Exercise brief:
Print out the data below with every line intact.

### Information shown

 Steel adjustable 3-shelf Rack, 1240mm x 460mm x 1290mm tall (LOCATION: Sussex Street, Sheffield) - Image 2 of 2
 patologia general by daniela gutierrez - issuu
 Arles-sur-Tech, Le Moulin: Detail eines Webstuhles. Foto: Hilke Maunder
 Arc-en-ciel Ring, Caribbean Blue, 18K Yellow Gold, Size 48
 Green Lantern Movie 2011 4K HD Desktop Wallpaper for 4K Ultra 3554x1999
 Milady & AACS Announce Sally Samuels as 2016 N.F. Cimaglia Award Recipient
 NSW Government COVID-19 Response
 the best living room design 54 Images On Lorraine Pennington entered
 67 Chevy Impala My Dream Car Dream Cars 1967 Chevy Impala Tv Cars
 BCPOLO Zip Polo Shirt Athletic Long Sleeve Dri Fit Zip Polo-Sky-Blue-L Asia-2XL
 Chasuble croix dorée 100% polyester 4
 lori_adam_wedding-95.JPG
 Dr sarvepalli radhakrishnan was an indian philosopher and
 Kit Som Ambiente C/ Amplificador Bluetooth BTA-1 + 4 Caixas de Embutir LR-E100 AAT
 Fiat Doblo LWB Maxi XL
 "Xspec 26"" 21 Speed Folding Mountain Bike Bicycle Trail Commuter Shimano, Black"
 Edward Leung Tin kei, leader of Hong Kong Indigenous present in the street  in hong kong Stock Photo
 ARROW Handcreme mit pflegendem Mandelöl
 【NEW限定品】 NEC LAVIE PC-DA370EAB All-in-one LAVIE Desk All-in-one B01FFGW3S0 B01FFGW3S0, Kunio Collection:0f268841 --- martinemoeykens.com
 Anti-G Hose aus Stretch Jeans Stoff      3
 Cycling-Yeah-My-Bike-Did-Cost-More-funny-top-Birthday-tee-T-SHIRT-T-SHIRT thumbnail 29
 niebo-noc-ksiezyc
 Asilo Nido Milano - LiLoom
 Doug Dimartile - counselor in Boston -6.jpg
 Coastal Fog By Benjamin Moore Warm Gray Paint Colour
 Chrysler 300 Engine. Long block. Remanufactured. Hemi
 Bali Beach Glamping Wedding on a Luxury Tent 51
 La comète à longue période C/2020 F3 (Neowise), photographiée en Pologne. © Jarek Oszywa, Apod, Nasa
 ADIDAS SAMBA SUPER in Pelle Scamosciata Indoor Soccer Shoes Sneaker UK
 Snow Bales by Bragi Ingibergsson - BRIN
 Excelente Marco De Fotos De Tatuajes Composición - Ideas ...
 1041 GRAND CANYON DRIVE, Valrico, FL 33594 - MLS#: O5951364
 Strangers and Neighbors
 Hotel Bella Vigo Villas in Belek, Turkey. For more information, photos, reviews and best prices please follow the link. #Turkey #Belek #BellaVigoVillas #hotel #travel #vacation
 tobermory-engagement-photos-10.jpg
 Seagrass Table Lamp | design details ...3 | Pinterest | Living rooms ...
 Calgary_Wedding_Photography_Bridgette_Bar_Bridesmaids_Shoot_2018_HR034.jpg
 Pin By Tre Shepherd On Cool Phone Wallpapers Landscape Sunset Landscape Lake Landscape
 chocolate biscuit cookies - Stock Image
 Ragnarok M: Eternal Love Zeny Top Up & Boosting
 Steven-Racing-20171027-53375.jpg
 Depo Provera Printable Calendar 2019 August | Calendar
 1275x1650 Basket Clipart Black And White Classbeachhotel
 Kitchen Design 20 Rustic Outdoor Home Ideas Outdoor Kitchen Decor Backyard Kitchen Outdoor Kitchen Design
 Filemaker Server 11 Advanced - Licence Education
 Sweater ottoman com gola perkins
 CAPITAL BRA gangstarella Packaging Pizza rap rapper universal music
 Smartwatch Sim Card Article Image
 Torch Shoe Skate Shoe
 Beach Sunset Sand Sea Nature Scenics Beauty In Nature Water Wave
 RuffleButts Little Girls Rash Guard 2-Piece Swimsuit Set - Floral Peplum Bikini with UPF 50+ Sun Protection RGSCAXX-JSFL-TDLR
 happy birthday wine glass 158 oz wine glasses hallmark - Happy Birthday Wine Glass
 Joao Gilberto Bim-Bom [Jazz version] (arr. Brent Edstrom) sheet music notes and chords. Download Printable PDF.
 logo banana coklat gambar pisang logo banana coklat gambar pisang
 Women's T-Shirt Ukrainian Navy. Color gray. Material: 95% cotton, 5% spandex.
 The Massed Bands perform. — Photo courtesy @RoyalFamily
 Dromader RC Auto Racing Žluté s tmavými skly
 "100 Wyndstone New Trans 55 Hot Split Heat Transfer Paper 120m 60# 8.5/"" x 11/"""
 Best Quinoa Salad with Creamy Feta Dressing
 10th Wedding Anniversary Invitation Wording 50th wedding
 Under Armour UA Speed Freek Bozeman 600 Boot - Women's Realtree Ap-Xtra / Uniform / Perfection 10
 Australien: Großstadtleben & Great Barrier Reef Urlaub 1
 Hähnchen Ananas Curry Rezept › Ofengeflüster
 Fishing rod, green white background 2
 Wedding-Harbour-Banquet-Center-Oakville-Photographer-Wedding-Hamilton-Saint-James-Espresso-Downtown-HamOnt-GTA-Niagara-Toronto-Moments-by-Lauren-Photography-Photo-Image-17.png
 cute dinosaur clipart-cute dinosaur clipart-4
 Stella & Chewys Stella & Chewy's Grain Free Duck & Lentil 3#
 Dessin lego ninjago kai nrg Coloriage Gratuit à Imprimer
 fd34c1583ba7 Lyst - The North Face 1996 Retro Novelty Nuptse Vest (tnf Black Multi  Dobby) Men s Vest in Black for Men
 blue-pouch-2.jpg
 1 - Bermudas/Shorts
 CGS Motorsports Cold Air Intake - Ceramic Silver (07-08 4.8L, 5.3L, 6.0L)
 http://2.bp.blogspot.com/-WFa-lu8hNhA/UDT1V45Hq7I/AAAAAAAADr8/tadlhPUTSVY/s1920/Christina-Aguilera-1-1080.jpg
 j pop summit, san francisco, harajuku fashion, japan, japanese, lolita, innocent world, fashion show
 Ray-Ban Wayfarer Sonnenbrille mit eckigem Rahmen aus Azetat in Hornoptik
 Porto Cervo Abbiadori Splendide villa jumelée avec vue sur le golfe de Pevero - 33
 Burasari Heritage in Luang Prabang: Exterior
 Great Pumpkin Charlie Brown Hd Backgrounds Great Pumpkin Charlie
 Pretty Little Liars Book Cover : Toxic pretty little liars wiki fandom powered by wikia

######

Exercise answer:
 Steel adjustable 3-shelf Rack, 1240mm x 460mm x 1290mm tall (LOCATION: Sussex Street, Sheffield) - Image 2 of 2
 patologia general by daniela gutierrez - issuu
 Arles-sur-Tech, Le Moulin: Detail eines Webstuhles. Foto: Hilke Maunder
 Arc-en-ciel Ring, Caribbean Blue, 18K Yellow Gold, Size 48
 Green Lantern Movie 2011 4K HD Desktop Wallpaper for 4K Ultra 3554x1999
 Milady & AACS Announce Sally Samuels as 2016 N.F. Cimaglia Award Recipient
 NSW Government COVID-19 Response
 the best living room design 54 Images On Lorraine Pennington entered
 67 Chevy Impala My Dream Car Dream Cars 1967 Chevy Impala Tv Cars
 BCPOLO Zip Polo Shirt Athletic Long Sleeve Dri Fit Zip Polo-Sky-Blue-L Asia-2XL
 Chasuble croix dorée 100% polyester 4
 lori_adam_wedding-95.JPG
 Dr sarvepalli radhakrishnan was an indian philosopher and
 Kit Som Ambiente C/ Amplificador Bluetooth BTA-1 + 4 Caixas de Embutir LR-E100 AAT
 Fiat Doblo LWB Maxi XL
 "Xspec 26"" 21 Speed Folding Mountain Bike Bicycle Trail Commuter Shimano, Black"
 Edward Leung Tin kei, leader of Hong Kong Indigenous present in the street  in hong kong Stock Photo
 ARROW Handcreme mit pflegendem Mandelöl
 【NEW限定品】 NEC LAVIE PC-DA370EAB All-in-one LAVIE Desk All-in-one B01FFGW3S0 B01FFGW3S0, Kunio Collection:0f268841 --- martinemoeykens.com
 Anti-G Hose aus Stretch Jeans Stoff      3
 Cycling-Yeah-My-Bike-Did-Cost-More-funny-top-Birthday-tee-T-SHIRT-T-SHIRT thumbnail 29
 niebo-noc-ksiezyc
 Asilo Nido Milano - LiLoom
 Doug Dimartile - counselor in Boston -6.jpg
 Coastal Fog By Benjamin Moore Warm Gray Paint Colour
 Chrysler 300 Engine. Long block. Remanufactured. Hemi
 Bali Beach Glamping Wedding on a Luxury Tent 51
 La comète à longue période C/2020 F3 (Neowise), photographiée en Pologne. © Jarek Oszywa, Apod, Nasa
 ADIDAS SAMBA SUPER in Pelle Scamosciata Indoor Soccer Shoes Sneaker UK
 Snow Bales by Bragi Ingibergsson - BRIN
 Excelente Marco De Fotos De Tatuajes Composición - Ideas ...
 1041 GRAND CANYON DRIVE, Valrico, FL 33594 - MLS#: O5951364
 Strangers and Neighbors
 Hotel Bella Vigo Villas in Belek, Turkey. For more information, photos, reviews and best prices please follow the link. #Turkey #Belek #BellaVigoVillas #hotel #travel #vacation
 tobermory-engagement-photos-10.jpg
 Seagrass Table Lamp | design details ...3 | Pinterest | Living rooms ...
 Calgary_Wedding_Photography_Bridgette_Bar_Bridesmaids_Shoot_2018_HR034.jpg
 Pin By Tre Shepherd On Cool Phone Wallpapers Landscape Sunset Landscape Lake Landscape
 chocolate biscuit cookies - Stock Image
 Ragnarok M: Eternal Love Zeny Top Up & Boosting
 Steven-Racing-20171027-53375.jpg
 Depo Provera Printable Calendar 2019 August | Calendar
 1275x1650 Basket Clipart Black And White Classbeachhotel
 Kitchen Design 20 Rustic Outdoor Home Ideas Outdoor Kitchen Decor Backyard Kitchen Outdoor Kitchen Design
 Filemaker Server 11 Advanced - Licence Education
 Sweater ottoman com gola perkins
 CAPITAL BRA gangstarella Packaging Pizza rap rapper universal music
 Smartwatch Sim Card Article Image
 Torch Shoe Skate Shoe
 Beach Sunset Sand Sea Nature Scenics Beauty In Nature Water Wave
 RuffleButts Little Girls Rash Guard 2-Piece Swimsuit Set - Floral Peplum Bikini with UPF 50+ Sun Protection RGSCAXX-JSFL-TDLR
 happy birthday wine glass 158 oz wine glasses hallmark - Happy Birthday Wine Glass
 Joao Gilberto Bim-Bom [Jazz version] (arr. Brent Edstrom) sheet music notes and chords. Download Printable PDF.
 logo banana coklat gambar pisang logo banana coklat gambar pisang
 Women's T-Shirt Ukrainian Navy. Color gray. Material: 95% cotton, 5% spandex.
 The Massed Bands perform. — Photo courtesy @RoyalFamily
 Dromader RC Auto Racing Žluté s tmavými skly
 "100 Wyndstone New Trans 55 Hot Split Heat Transfer Paper 120m 60# 8.5/"" x 11/"""
 Best Quinoa Salad with Creamy Feta Dressing
 10th Wedding Anniversary Invitation Wording 50th wedding
 Under Armour UA Speed Freek Bozeman 600 Boot - Women's Realtree Ap-Xtra / Uniform / Perfection 10
 Australien: Großstadtleben & Great Barrier Reef Urlaub 1
 Hähnchen Ananas Curry Rezept › Ofengeflüster
 Fishing rod, green white background 2
 Wedding-Harbour-Banquet-Center-Oakville-Photographer-Wedding-Hamilton-Saint-James-Espresso-Downtown-HamOnt-GTA-Niagara-Toronto-Moments-by-Lauren-Photography-Photo-Image-17.png
 cute dinosaur clipart-cute dinosaur clipart-4
 Stella & Chewys Stella & Chewy's Grain Free Duck & Lentil 3#
 Dessin lego ninjago kai nrg Coloriage Gratuit à Imprimer
 fd34c1583ba7 Lyst - The North Face 1996 Retro Novelty Nuptse Vest (tnf Black Multi  Dobby) Men s Vest in Black for Men
 blue-pouch-2.jpg
 1 - Bermudas/Shorts
 CGS Motorsports Cold Air Intake - Ceramic Silver (07-08 4.8L, 5.3L, 6.0L)
 http://2.bp.blogspot.com/-WFa-lu8hNhA/UDT1V45Hq7I/AAAAAAAADr8/tadlhPUTSVY/s1920/Christina-Aguilera-1-1080.jpg
 j pop summit, san francisco, harajuku fashion, japan, japanese, lolita, innocent world, fashion show
 Ray-Ban Wayfarer Sonnenbrille mit eckigem Rahmen aus Azetat in Hornoptik
 Porto Cervo Abbiadori Splendide villa jumelée avec vue sur le golfe de Pevero - 33
 Burasari Heritage in Luang Prabang: Exterior
 Great Pumpkin Charlie Brown Hd Backgrounds Great Pumpkin Charlie
 Pretty Little Liars Book Cover : Toxic pretty little liars wiki fandom powered by wikia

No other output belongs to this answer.